My hatred for Android Studio only grows every day. The only program I hate more, I think, is git, which makes today's problem, *which is about the interaction between Android Studio and git*, all the more infuriating

(Android Studio is failing because it is invoking git, which is not installed, and I cannot fix the problem because Android Studio cannot tell me why it is invoking git. Humiliatingly, I have lost an entire workday to this.)

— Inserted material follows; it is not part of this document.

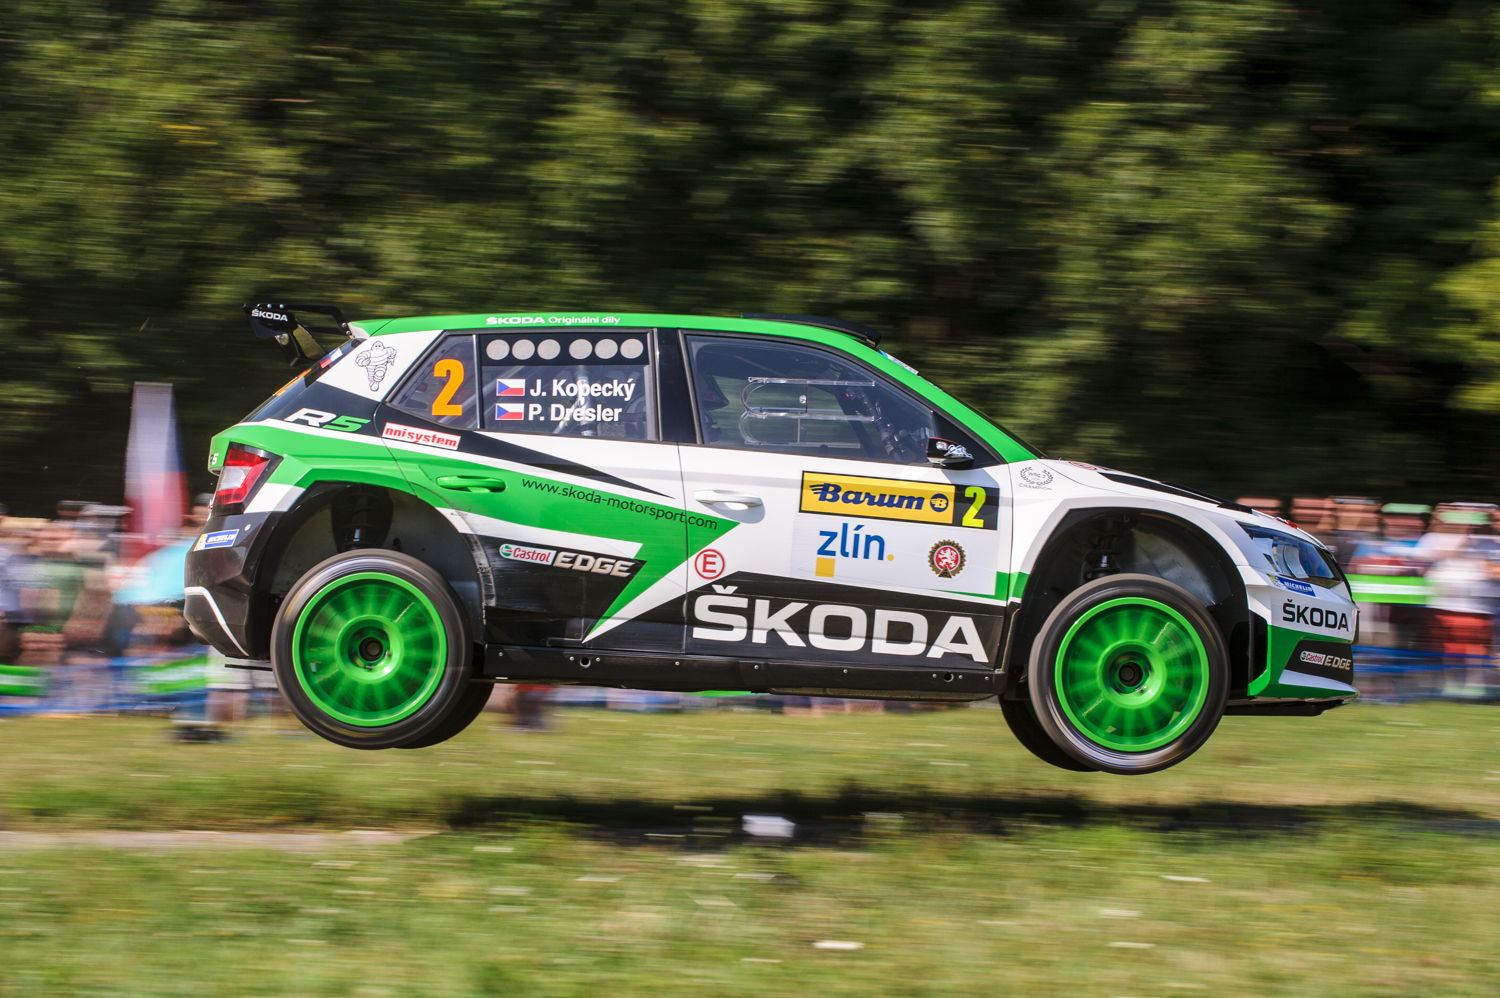 Reigning champions Jan Kopecký and Pavel Dresler (CZE/CZE), driving a ŠKODA FABIA R5, won Barum Czech Rally Zlín, their personal sixth win in a row in the Czech Rally Championship.

Incidentally, re: the problem here mastodon.social/@mcc/109842751 where it appears(?) to be cutting off the stacktrace before actually telling me where in my code the error is occurring, it turns out there's a --full-stacktrace option if you use the Gradle command line. --full-stacktrace causes it to print out *slightly more* of the stacktrace, but not the full stacktrace or even enough to identify where the problem is occurring

Okay. The problem is solved. The problem is org.gradle.process.internal.ExecException is not an Exception, it is an Error, and it was escaping my try { } catch (Exception e) { }. This is a rookie mistake I should not have made, but in my defense, somehow the same basic code was throwing a different exception during `gradle sync` than it was during `gradle build` (?!), so since the try { } worked in sync I assumed the problem had to be some other git invocation somewhere else I had not yet found

Final update: The note about ExecException above is wrong. The problem was that, somehow, during some stages of build, gradle/Android Studio were executing the wrong version of the code. I thought that changing "Exception" to "Throwable" had fixed it, but in fact what fixed it was making a change (any change) to build.gradle in Android Studio. Renaming "git" to "lit" also fixes the problem, in testing. This somehow does something a gradle sync & clean build didn't.

Android Studio is TERRIFYING.

…no…no, no it's not over. It's even stranger and more unfathomable than I thought.

On the first build after checkout, clean, git clean, or any change to build.gradle, it works.

On the *second* build, it fails, with an exception that's clearly, unambiguously, inside a try-catch that should catch it. Catching "Throwable" instead of "Exception" doesn't help. This is the Terminator Exception, it can't be caught, it can't be stopped, and it only flags on every *other* build.

In the *build script*.

What an infuriating, miserable loss of a day this was.

I have a reproducible build failure that I can *only* explain if there is a bug in gradle.

Trying to make a minimal test case, I make a new Android Studio project and copy all apparently relevant bits from the gradle file. The bug doesn't reproduce in the new project.

I think I need to file a bug and move on, but I can't make a minimal test case, so they'll probably disregard my complex test case— and maybe they should! I dunno!

@mcc sleep on it. That's my answer for most of these.

mcc

@Flux I guess, but I actually don't believe it's my bug at this point.

@Flux I would also really, *really* like to not wind up expending a second day on this, especially since this was supposed to be a "break" day— I decided instead of working on my "real" project today I was gonna do some work on Tusky's video player. Which never got started because instead I've been fighting with Gradle…

@mcc my sympathies. One thing that continually annoys me about software development, still after 40 years of it, is how build systems require regular sacrifices of senior talent to keep them working.

@Flux I don't like Rust, but I kind of want to just move all my development over to Rust because it's the only thing I've found where the packaging ecosystem/build tooling actually works without problems.

@mcc that's why I mostly golang. But I haven't rusted properly yet.

@mcc @Flux I had a surprisingly positive experience with Golang's environment recently, despite expecting it to be the usual build nightmare. Humans can learn! It's amazing!